On Sun, Feb 07, 2010 at 12:08:51AM -0500, Edward Ned Harvey wrote:
> > Yes. Don't buy DRM'd books. Wait for another year or so; the
> > market will sort itself out, and the hardware will get better
> > and cheaper.
> 
> This is really the comment I'm curious about.  Why do you say "don't buy drm
> books?"  What do you think will change in the next year, and what bad thing
> do you think will happen, if you buy drm'd books within the next year?

The "bad thing" is licensing DRM'd books; it's already here.  Publishers
are going to either move to DRM-free ebooks or find themselves doing
too much work for too little return. As customers grow more savvy about
ebooks, they will express a preference for non-DRM'd ebooks. One of
the factors driving that will be a desire to avoid lock-in. When you
change ebook readers, your library will need to move with you, even
across manufacturers.

Will you grant me that in the timeframe of the next decade, Moore's Law
will continue to generally hold? That is, solid-state electronics of a
given capacity will get cheaper, or you'll be able to buy more capacity
for the same money?

Given that, the price of ebook readers will drop substantially.  Right
now, we're at a stage similar to that of PDAs when Palm introduced the
Palm Pilot III: a decent form factor and decent software at a price that
people start to see as reasonable for the functions performed. But in the
near future, the displays which were expensive and small and power-hungry
(if you wanted color) became cheap and larger and higher-resolution and
more efficient.

There's only one supplier of e-Ink screens right now. This will change.

e-Ink is monochrome except for prototypes now. This will change.

e-Ink doesn't react fast enough for video display. This might change
through improvements to e-Ink, or it might change through the development
of some other display technology.

Capacitative touchscreens are expensive right now. This will change.

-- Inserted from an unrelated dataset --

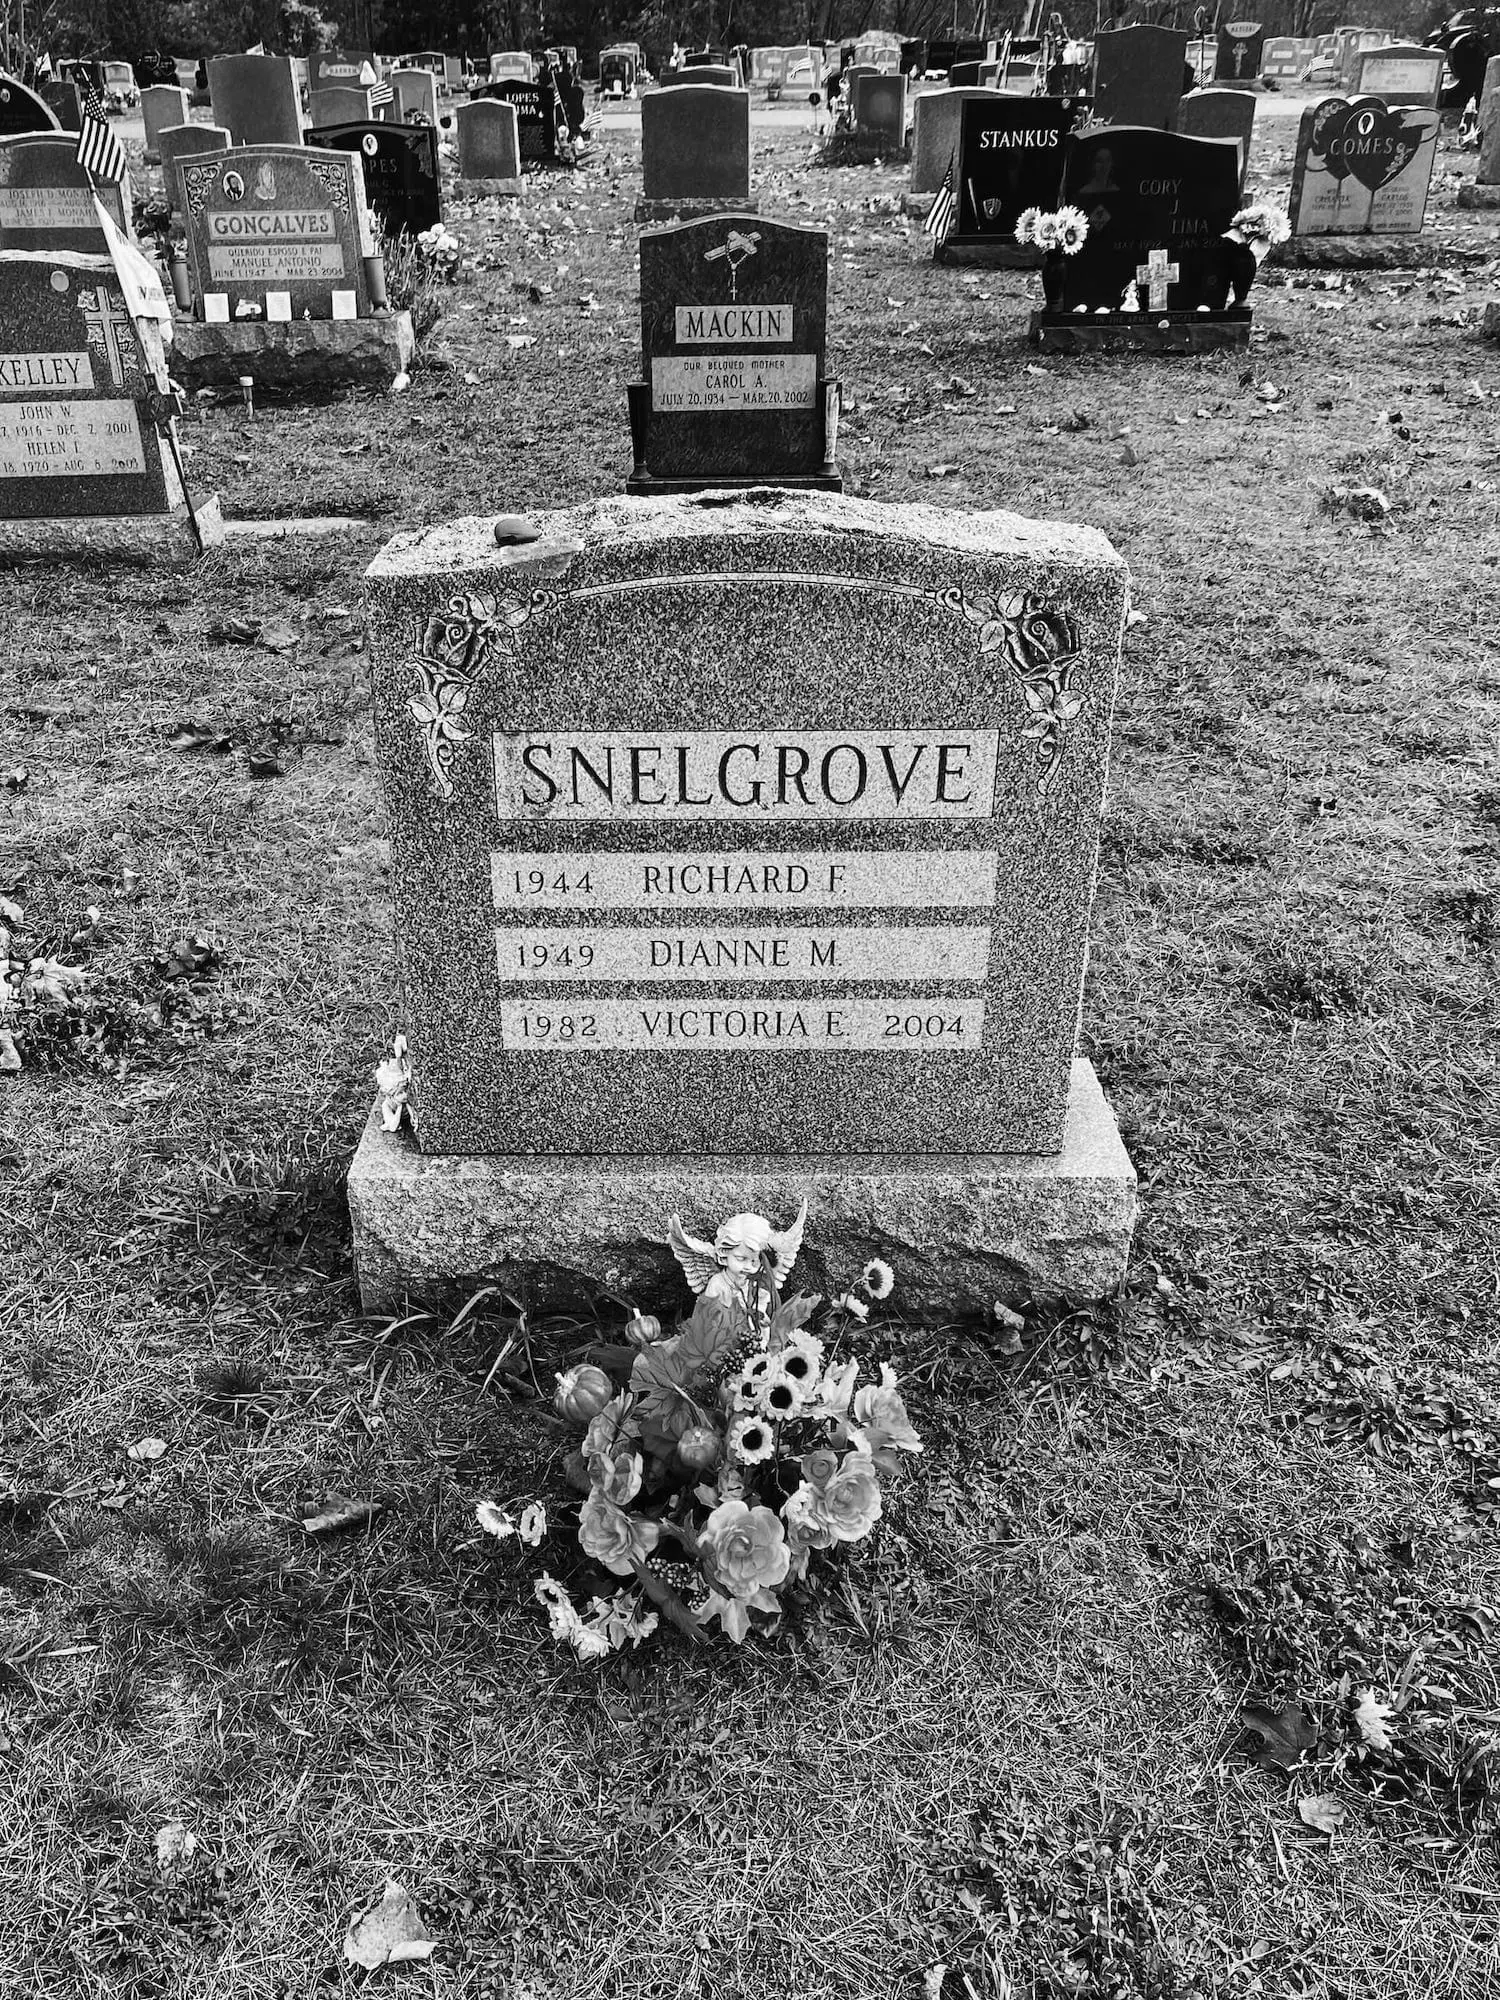 Victoria Snelgrove's headstone.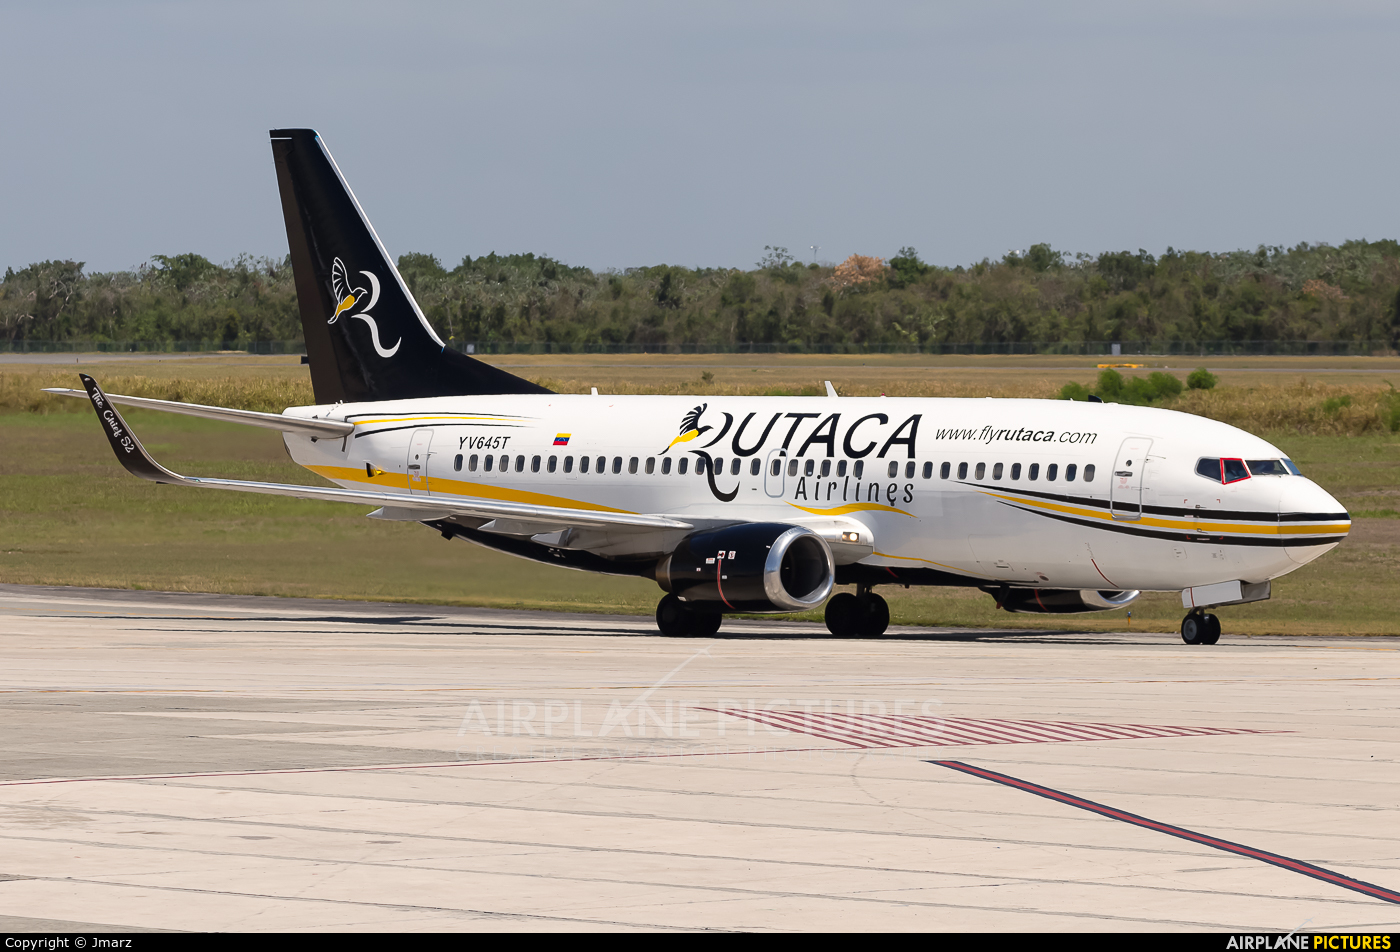 Rutaca Airlines YV645T aircraft at Santo Domingo - Aeropuerto de las Americas

Battery technology is always improving.

Processor technology is always improving. Ditto solid-state storage.

A few years from now, you will consider a gray-scale, page-flickering,
non-video-playing, limited web-browsing ebook with connectivity locked
to one store to be hopelessly behind the times.

Incidentally, I also expect that 3G and similar long-distance wireless
data schemes will not be a standard feature. Instead, most ebook readers
will talk to your cellphone over BlueTooth or something similar.

-dsr-

-- 
http://tao.merseine.nu/~dsr/eula.html is hereby incorporated by reference.
You can't defend freedom by getting rid of it.